La pratique du swap est souvent l’apanage des préparateurs, mais parfois elle est de l’initiative des constructeurs. C’est le cas du concept V12 Vantage RS, présenté en 2007 par Aston Martin. Il s’agit d’une V8 Vantage, modèle le plus petit de la gamme (moins de 4,40 m), dont le 8 cylindres cède la place à un V12 6.0 de plus de 600 ch. Deux ans plus tard, la marque franchit le pas et commercialise cet engin à part. La V12 Vantage de série reçoit tel quel le V12 5.9 de 517 ch et 58 mkg de la DBS. Un bloc rentré au chausse-pied dans l’élégante Britannique mais, étonnamment, aucune adaptation majeure n’a été nécessaire.
Pour évacuer efficacement les calories, le capot désormais bombé est percé de multiples aérations. Les jupes latérales deviennent plus saillantes, une lame carbone apparaît à l’avant, et le becquet de coffre est allongé afin d’apporter plus d’appui. Pour ne pas dégrader l’aérodynamique, la caisse est abaissée de 15 mm. Avec la greffe d’un si gros coeur, apportant une charge supplémentaire de 100 kg, on aurait pu penser que la répartition des masses serait déséquilibrée. Mais grâce à l’implantation reculée du bloc et au rejet de la boîte mécanique sur le train arrière selon le schéma transaxle, la répartition du poids avant/arrière est de 51/49 %, contre 49/51 % pour la V8 Vantage. La petite Aston affiche ainsi un comportement remarquablement équilibré. Si la direction se montre un peu lourde compte tenu du monument mécanique qui appuie sur le train avant, il n’existe pas l’ombre d’un sous-virage et le nez ne manque jamais la corde, tandis que l’arrière se place gentiment.
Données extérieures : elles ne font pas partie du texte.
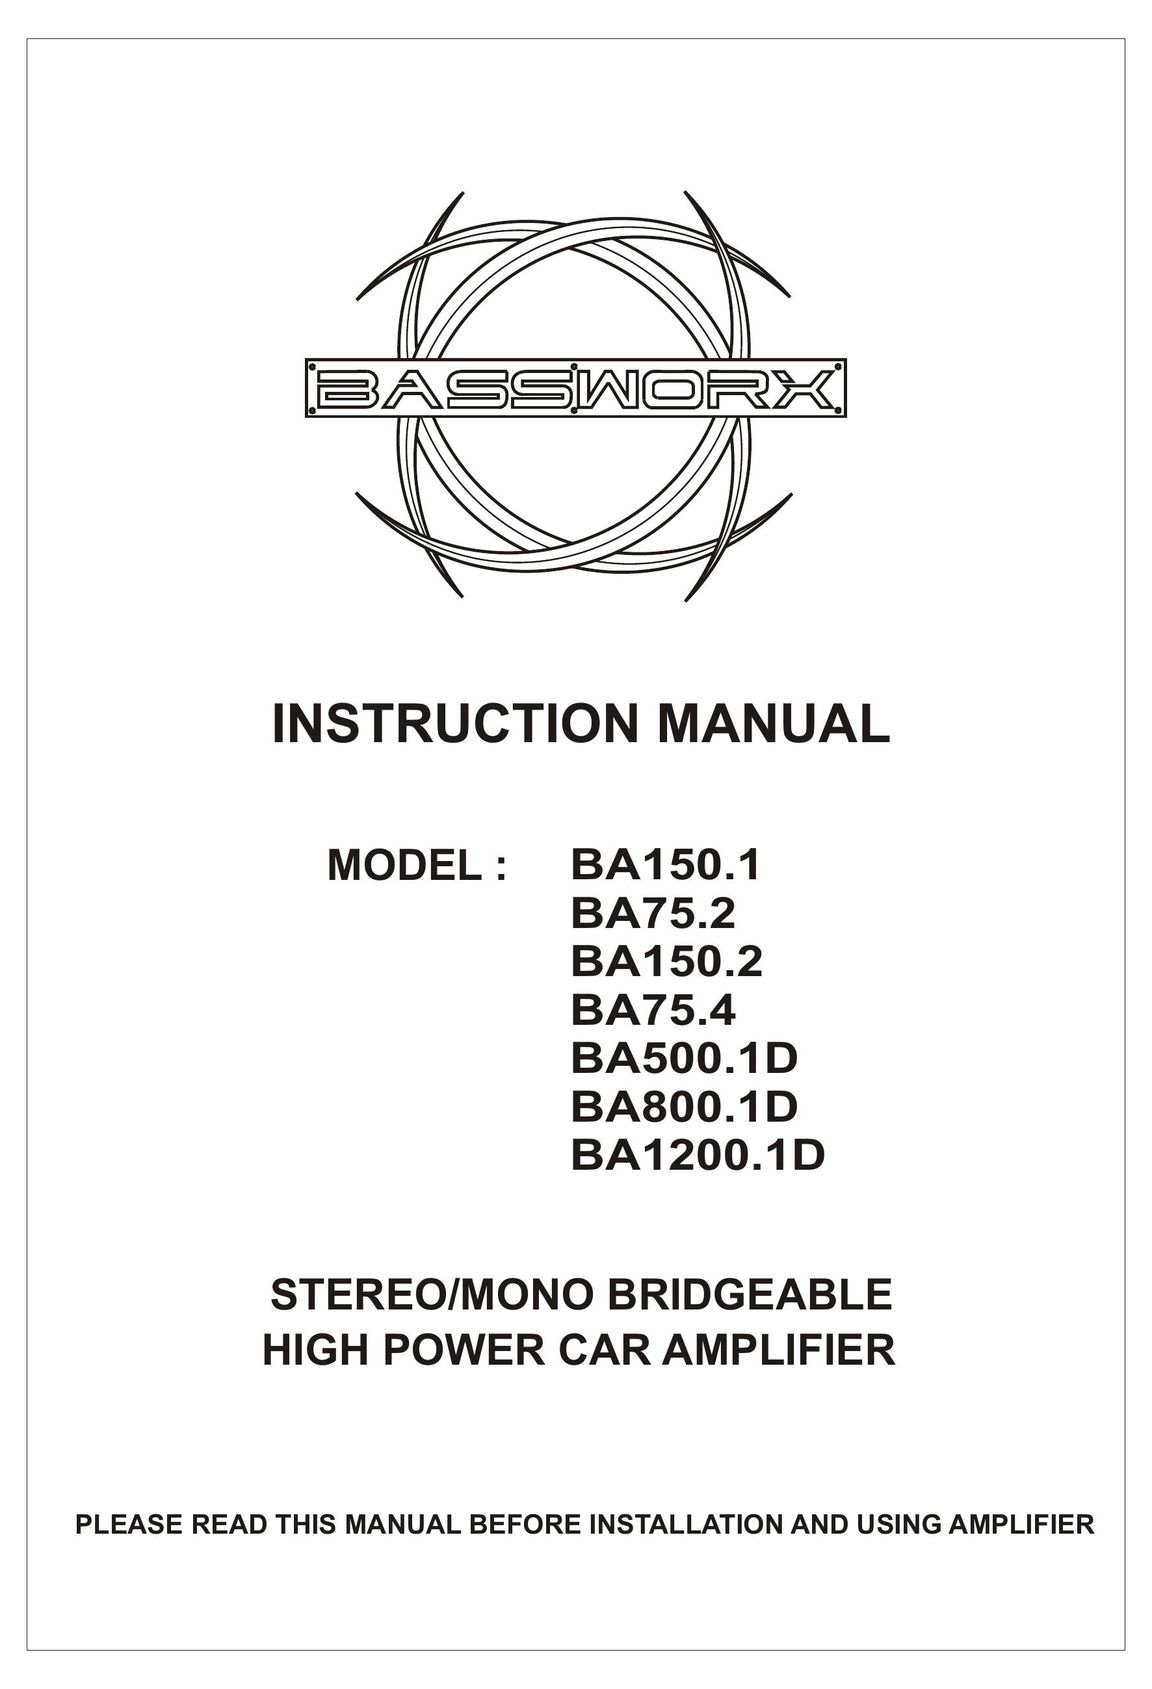 Bassworx BA75.2 Car Amplifier User Manual

Ce comportement exceptionnel est le fruit du gros travail des ingénieurs sur les trains roulants. Outre l’abaissement, les ressorts sont affermis de 45 % et le diamètre des barres antiroulis est majoré de 15 % à l’avant et de 75 % à l’arrière. L’amortissement avoue cependant ses limites sur routes bosselées, où l’auto rebondit plus qu’elle ne filtre.
Brutale
Pour en revenir au comportement, celui-ci est également conditionné par les semi-slicks à gomme tendre Pirelli PZero Corsa dont le grip est phénoménal. Revers de la médaille, les réactions sont brutales lorsque l’on outrepasse les limites, et l’autobloquant mécanique costaud accentue le phénomène. Ce tempérament revêche fait tout le charme de l’engin, qui sait tout de même se montrer docile en conduite coulée.
Si le châssis est bluffant, la poussée n’est pas aussi franche qu’attendue (similaire à celle de la DBS), et les performances sont relativement décevantes, avec un 1 000 m D.A. en 22’’5 (une 911 GT3 parcourt la même distance en 21’’2) et une Vmax de 305 km/h. En cause notamment un poids conséquent de 1 680 kg (seulement 15 kg de moins que la DBS qui est 34 cm plus longue). On aurait souhaité qu’Aston aille jusqu’au bout du délire en faisait subir un allégement drastique à sa GT, mais l’habitacle est toujours aussi cosy. Seule une cinquantaine de kilos a été grappillée grâce aux freins carbone-céramique très efficaces et endurants (– 12,5 kg), aux jantes forgées (– 5 kg), aux baquets en carbone optionnels (– 17 kg) et aux passages de roues arrière allégés. Autres sujets de (légère) frustration, le manque de rage de la mécanique, qui ne déclenche pas le très grand frisson que l’on pourrait imaginer, et la commande de boîte perfectible. Malgré ces petits désagréments, la V12 Vantage est sans doute l’une des Aston les plus sportives et les plus abouties. Un vrai collector.